Instituto de Ciencia Molecular, Universitat de València Catedrático José Beltran 2 46980 Paterna Spain

出版信息

J Mater Chem C Mater. 2021 Jun 2;9(33):10811-10818. doi: 10.1039/d1tc01943k. eCollection 2021 Aug 26.

DOI:10.1039/d1tc01943k

PMID:35360440

原文链接:https://pmc.ncbi.nlm.nih.gov/articles/PMC8900490/

Abstract

Herein we report the design of core@shell nanoparticles formed by a metallic Au nanostar core and a spin-crossover shell based on the coordination polymer Fe(Htrz)(trz). This procedure is general and has been extended to other metallic morphologies (nanorods, nanotriangles).
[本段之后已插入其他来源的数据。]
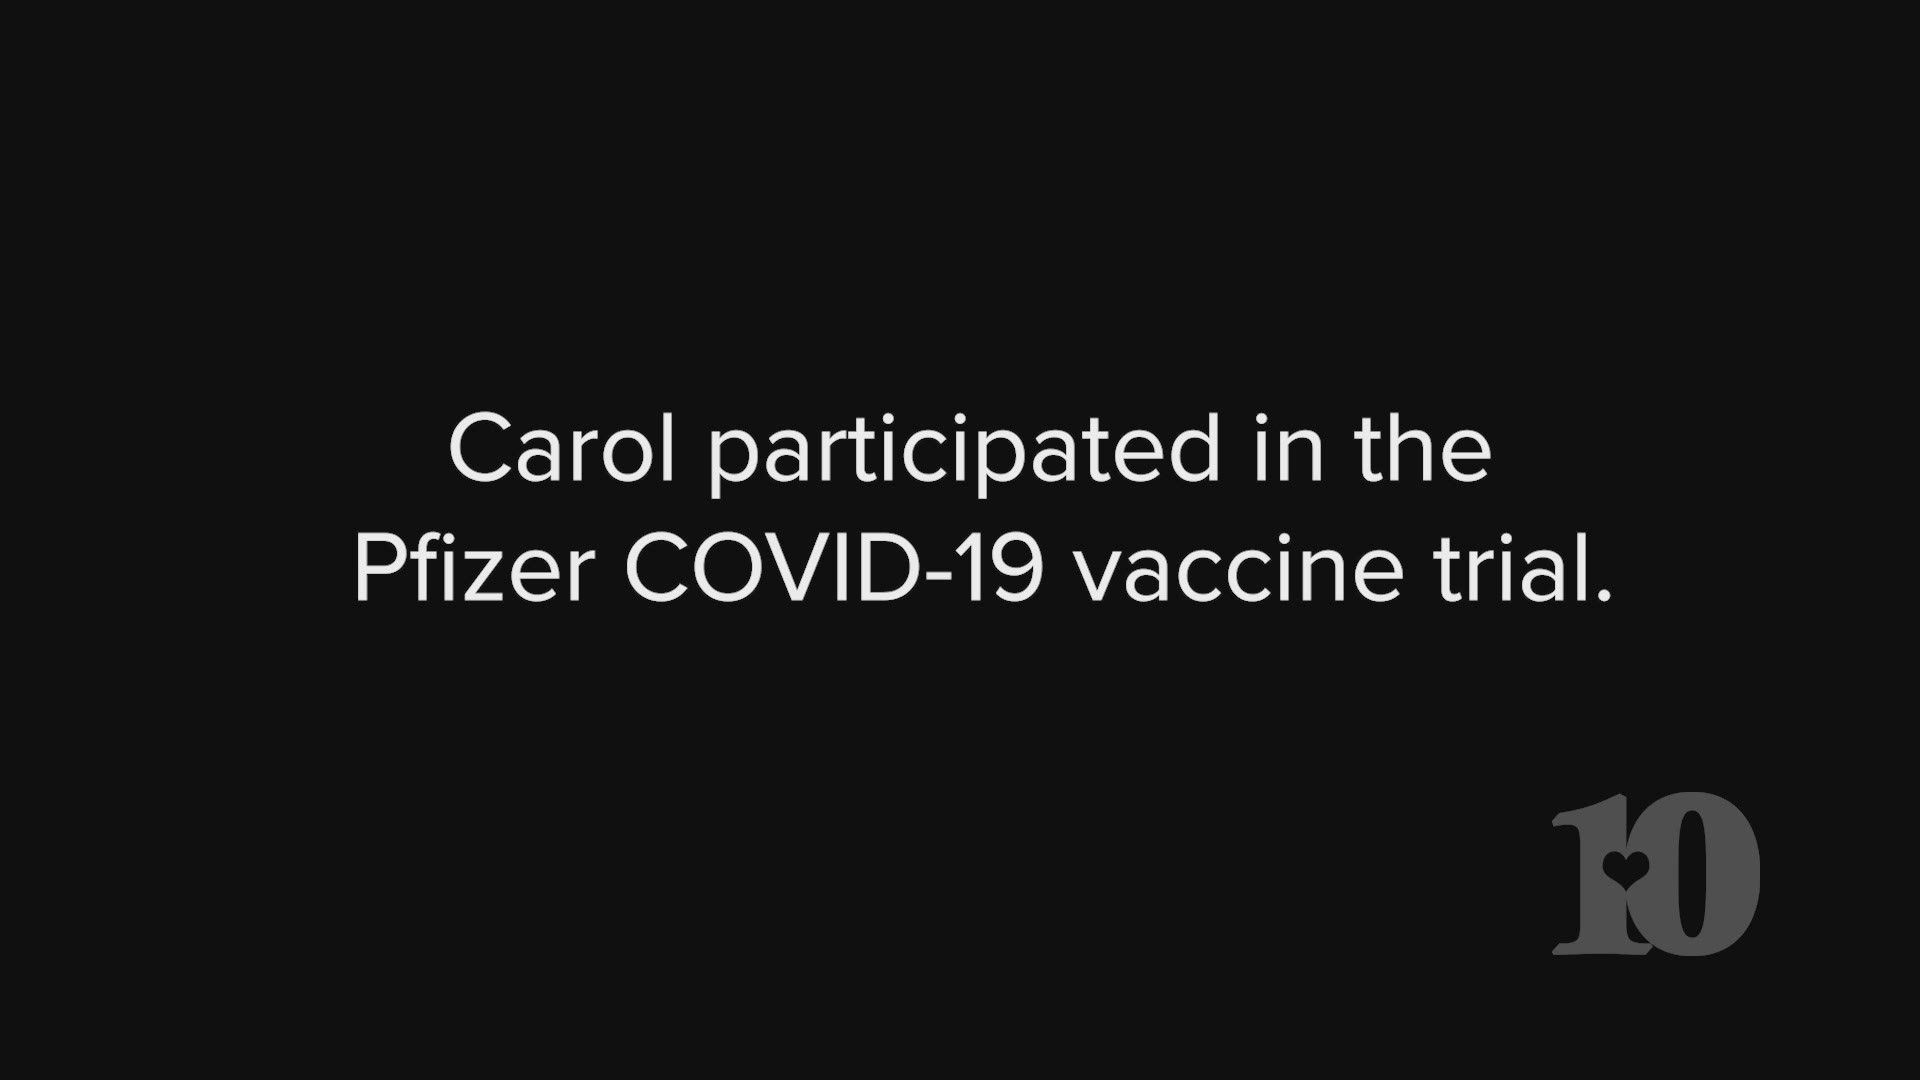 On Monday at 6 p.m., Carol Ottaviano shares her story of getting COVID-19 even though she was vaccinated.

Thanks to the photothermal effect arising from the plasmonic properties of the Au nanostar, 60% of iron centers undergo a thermal spin transition inside the thermal hysteresis triggered by a 808 nm laser low intensity irradiation. Compared to other Au morphologies, the great advantage of the nanostar shape arises from the hot spots created at the branches of the nanostar. These hot spots give rise to large NIR absorptions, making them ideal nanostructures for efficiently converting light into heat using low energy light, like that provided by a 808 nm laser.

摘要

在此，我们报道了由金属金纳米星核和基于配位聚合物Fe(Htrz)(trz)的自旋交叉壳层形成的核壳纳米粒子的设计。该方法具有通用性，并已扩展到其他金属形态（纳米棒、纳米三角形）。由于金纳米星的等离子体特性产生的光热效应，在808 nm激光低强度照射引发的热滞回内，60%的铁中心发生热自旋转变。与其他金形态相比，纳米星形状的巨大优势源于纳米星分支处产生的热点。这些热点产生大量近红外吸收，使其成为利用低能量光（如808 nm激光提供的光）将光有效转化为热的理想纳米结构。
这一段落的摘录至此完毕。